Gov. Scott Walker straps on his motorcycle helmet in this photo from 2015.

MADISON — Motorcyclists who don’t wear helmets are twice as likely to suffer neck injuries in crashes as those who use helmets, according to a study of UW Hospital trauma patients.

The findings counter other research saying the weight of helmets can make the neck more vulnerable to injuries, an argument that is one reason many motorcyclists oppose mandatory helmet laws.

The leader of a Wisconsin motorcycle rights group didn’t dispute the UW research conclusions, but said the main reason he opposes requiring helmets is personal freedom.

“It’s up to an adult to be able to choose,” said Dave Charlebois, executive director of ABATE of Wisconsin.

Wisconsin requires only riders 17 and younger to wear helmets. The state has had an annual average of 2,287 motorcycle crashes, with 84 motorcyclists killed, in recent years, according to the state Department of Transportation. About 73 percent of those killed were not wearing helmets.

The UW study was published this month in the Journal of Neurosurgery: Spine. It looked at the 1,061 patients treated for motorcycle crashes at UW’s trauma center from 2010 to 2015.

Nearly 70 percent didn’t wear helmets. Among them, 15.5 percent had neck injuries, including 10.8 percent with spinal fractures. Among riders who used helmets, 7.4 percent had neck injuries, including 4.6 percent with spinal fractures.

“The helmet seems to be protective to these types of injuries,” said Dr. Nathanial Brooks, an associate professor of neurological surgery at the UW School of Medicine and Public Health and an author of the study.

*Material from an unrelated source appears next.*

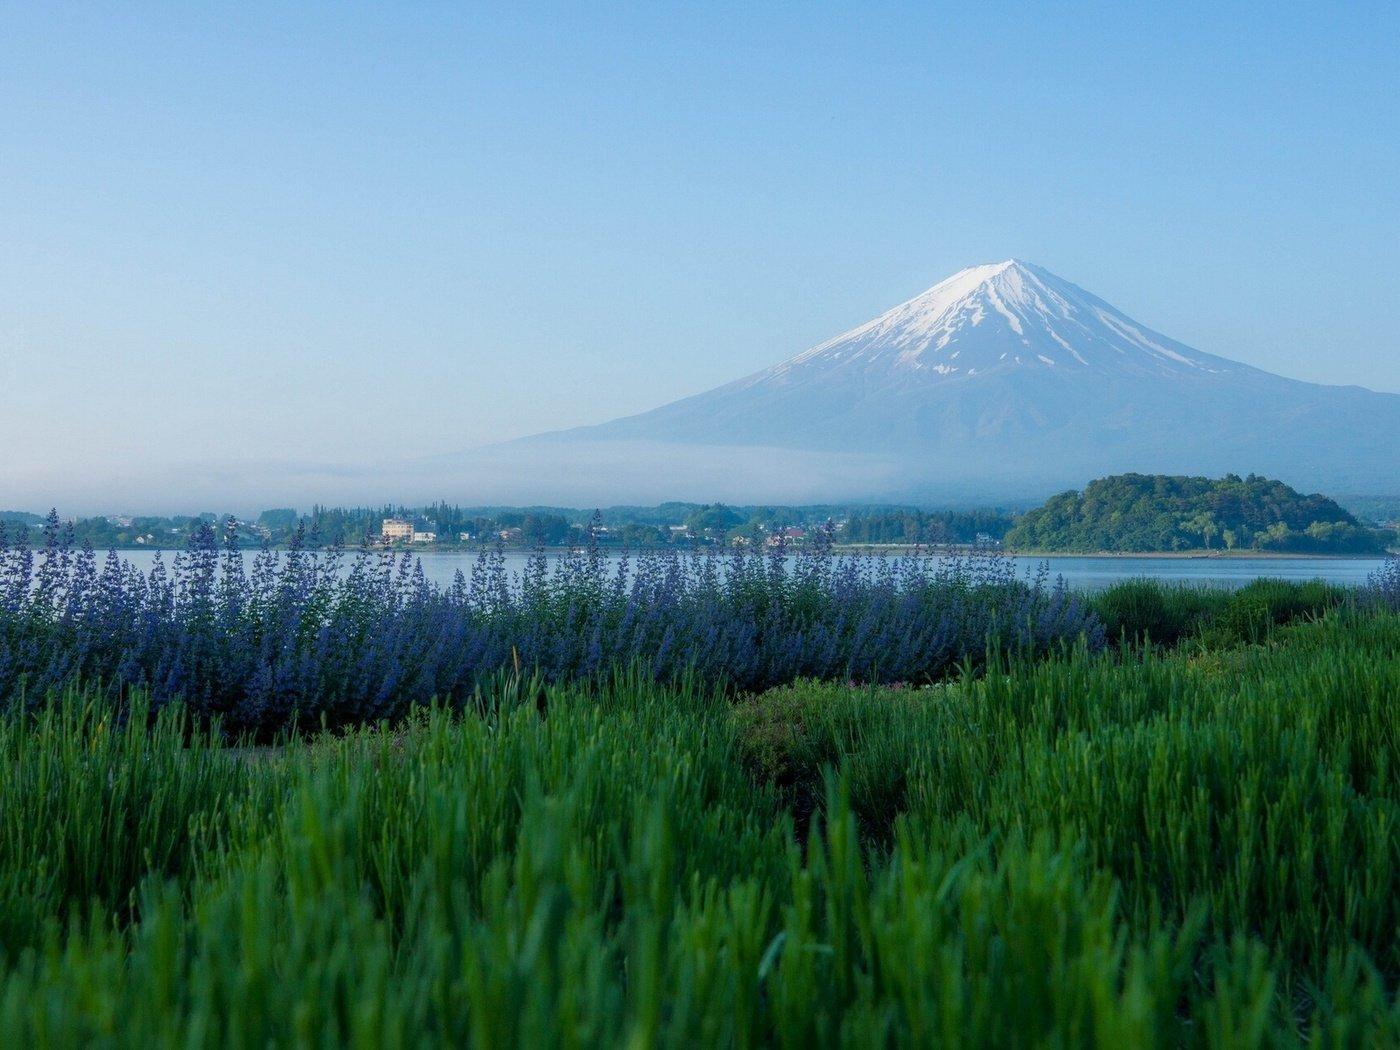 гора фудзияма в японии фото презентация всегда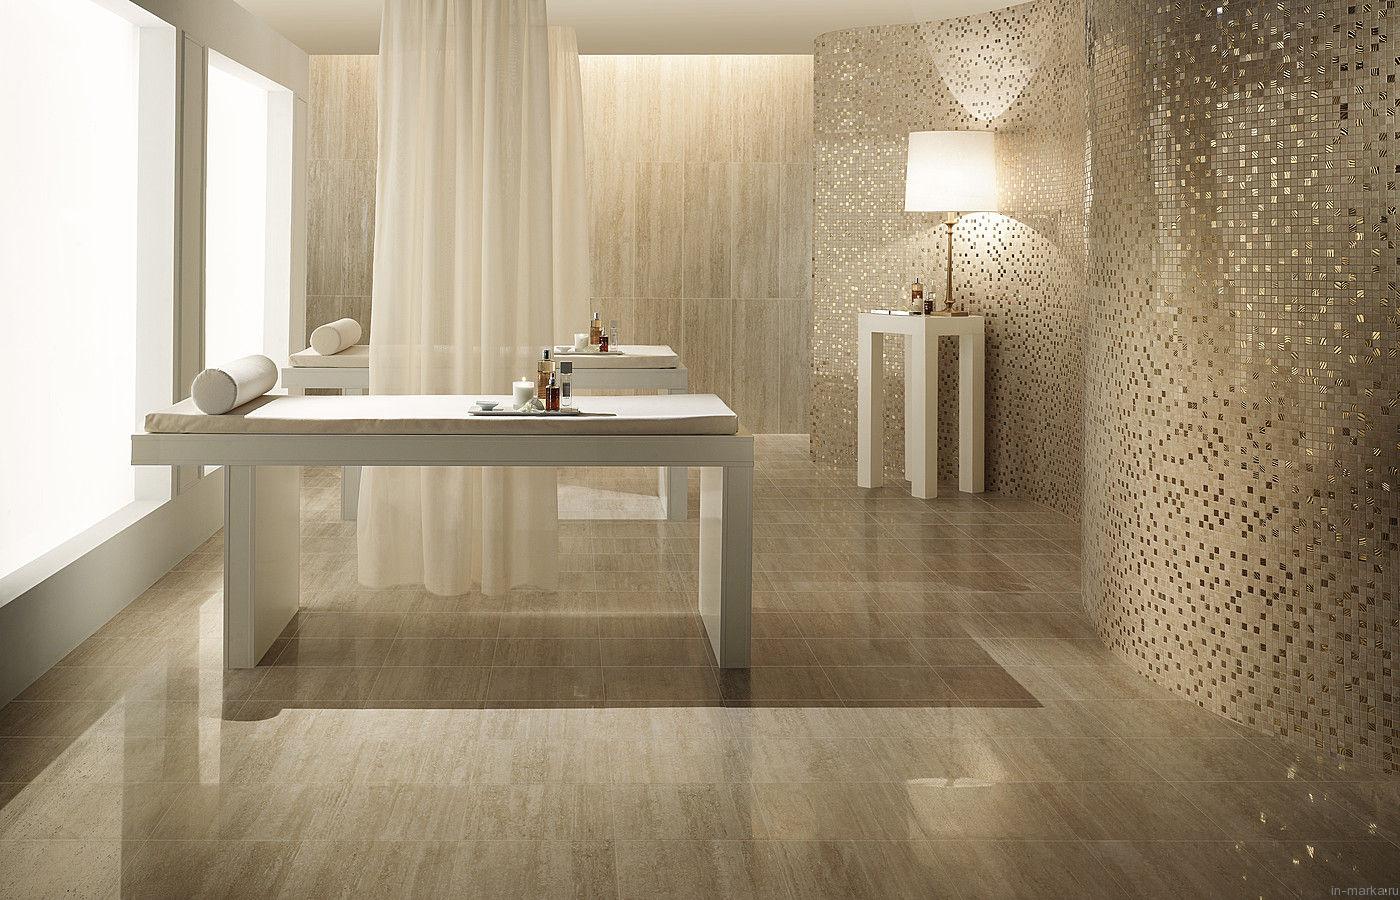 Gloss cream floor tiles

The study didn’t look at other kinds of injuries or deaths. According to the Centers for Disease Control and Prevention, helmets reduce the risk of head injuries from motorcycle crashes by 69 percent and deaths by 37 percent.

Laboratory studies that analyzed the biomechanics of helmets in 1986 and 2011 found helmets can increase the risk of neck injuries because of greater torque on the neck.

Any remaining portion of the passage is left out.